A review by ksander
Leviathan Wakes by James S.A. Corey

5.0

This is one of those times when an automated recommendation turns out to be on point and you're glad you followed it. I happened to stumble across the title about the same time promos were running for the SYFY channel's TV series it inspired; the commercials looked good, the description looked good, so I gave it a shot. What I found was an intricately built setting, a detailed and captivating plot, and a compelling main character.

Set in humanity's future, where we've colonized the solar system but not yet figured out how to travel to the stars (at least not fast enough to fit in a feature film or TV episode...), it offers a grittier and more dystopian view than Roddenberry. Earth and Mars are both military superpowers, in a somewhat uneasy and fragile coexistence. Parts of the asteroid belt and some of the moons of the outer planets have been colonized, mainly for their resources (or their transshipment), and have been long enough for noticeable and linguistic physical differences to manifest. Yet existence out there is more tenuous, and there is growing resentment of the inner planets' perceived exploitation.

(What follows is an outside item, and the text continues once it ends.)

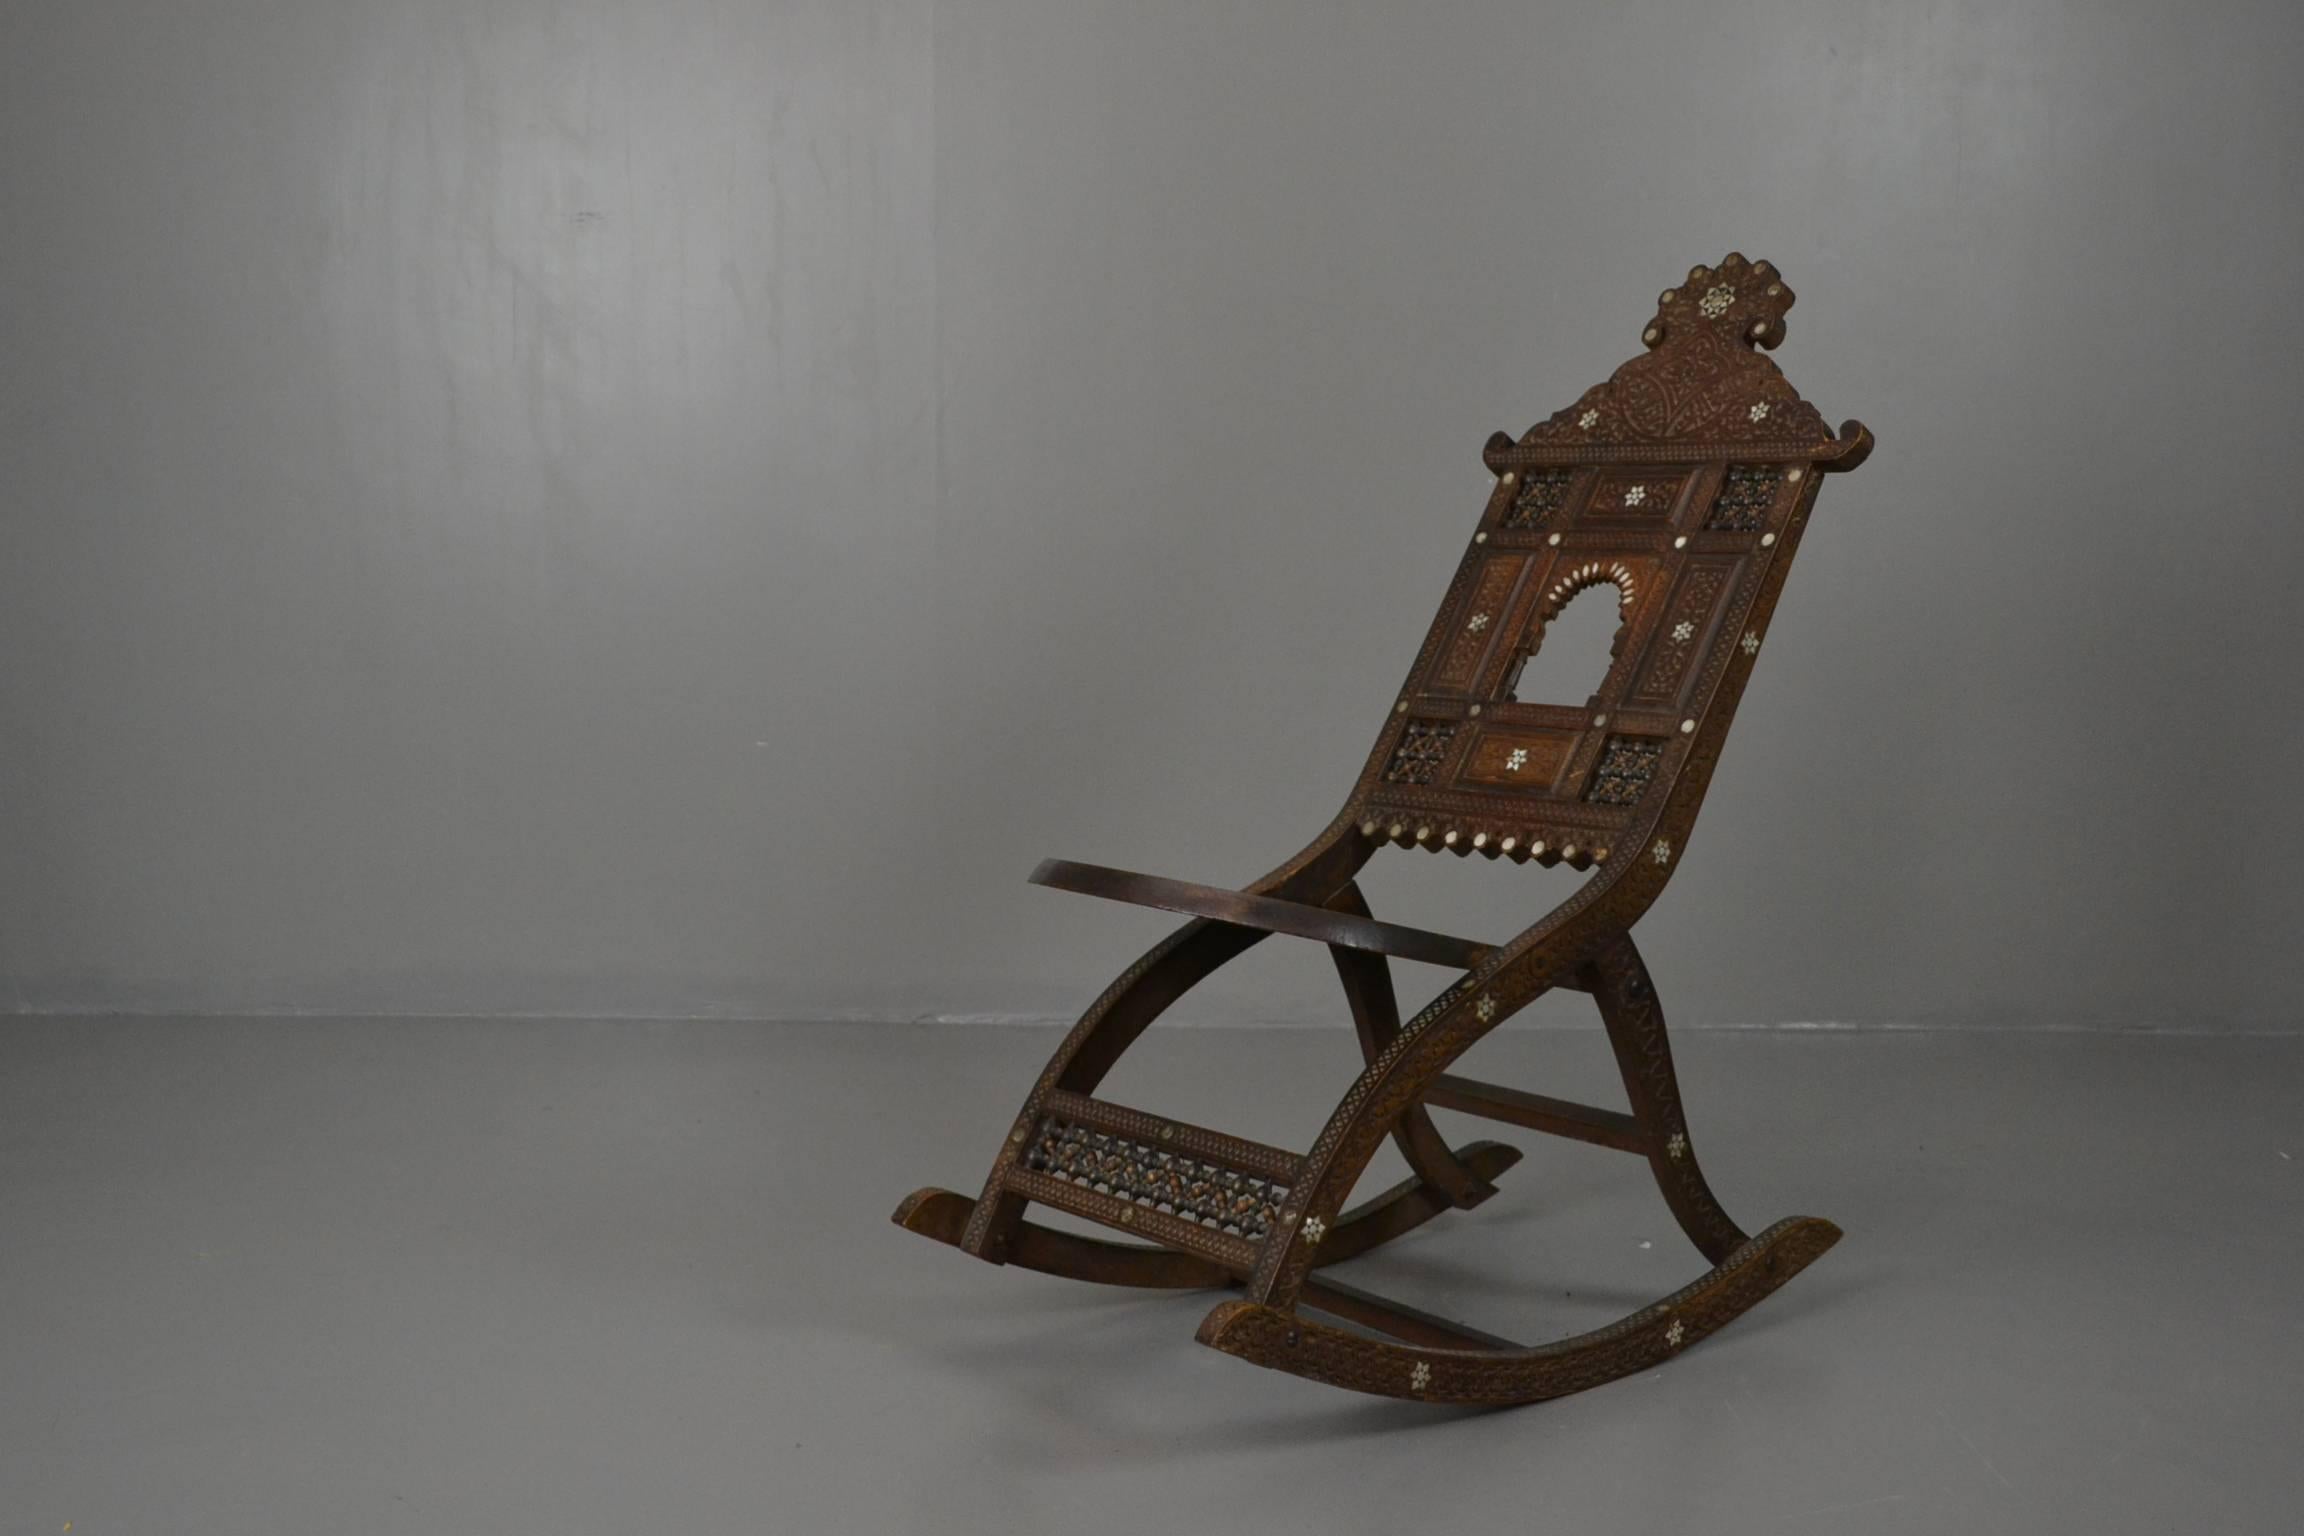 20th century Moorish style rocking chair. Beautifully made with solid hardwood construction with carved and inlaid decoration.

Please click our logo for more items, and to see our full inventory.

First, my only REAL gripe. While both the main characters are well-developed, one of them - a detective - struck me as an incongruously anachronistic stereotype. In an interview, the authors ("James SA Corey" is a pen name for a two-writer collaboration) describe him as "noir," and that's not inaccurate, but I wonder if there wasn't a way to write a "noir" style detective in the 24th century without him coming off so much like a 1930s comic book detective. As one of the two points of view for the story, he does his job and moves the action around, and he even engenders a bit of sympathy, but I could never really buy all the way in.

The other main character, however - the man whose discovery thrusts him into the middle of a vast and potentially catastrophic conspiracy - was brilliantly done. In contrast to Roddenberry's larger-than-life Kirk, Holden is an everyman... and a somewhat broken everyman. He'd been unceremoniously booted out of the (space) navy years before, and had been grinding out a living hauling cargo. He never quite seems sure of himself, and often looks to his subordinates for ideas of what to do, or their approval of whatever it was he'd decided (even if sometimes what he's decided turns out to be recklessly naive). Yet he somehow manages to rise to the occasion when he needs to. His flaws and insecurities make you want to root for him, and his triumphs make you happy for him (though, since the book is a series, much like watching the first installment of a movie you know is going to be a trilogy, you're pretty sure he'll squeak through somehow...).

As the opening offer in a series of novels, novellas, and short stories, it's certainly done its job - I intend to check out more... and eventually get around to watching the TV series, too.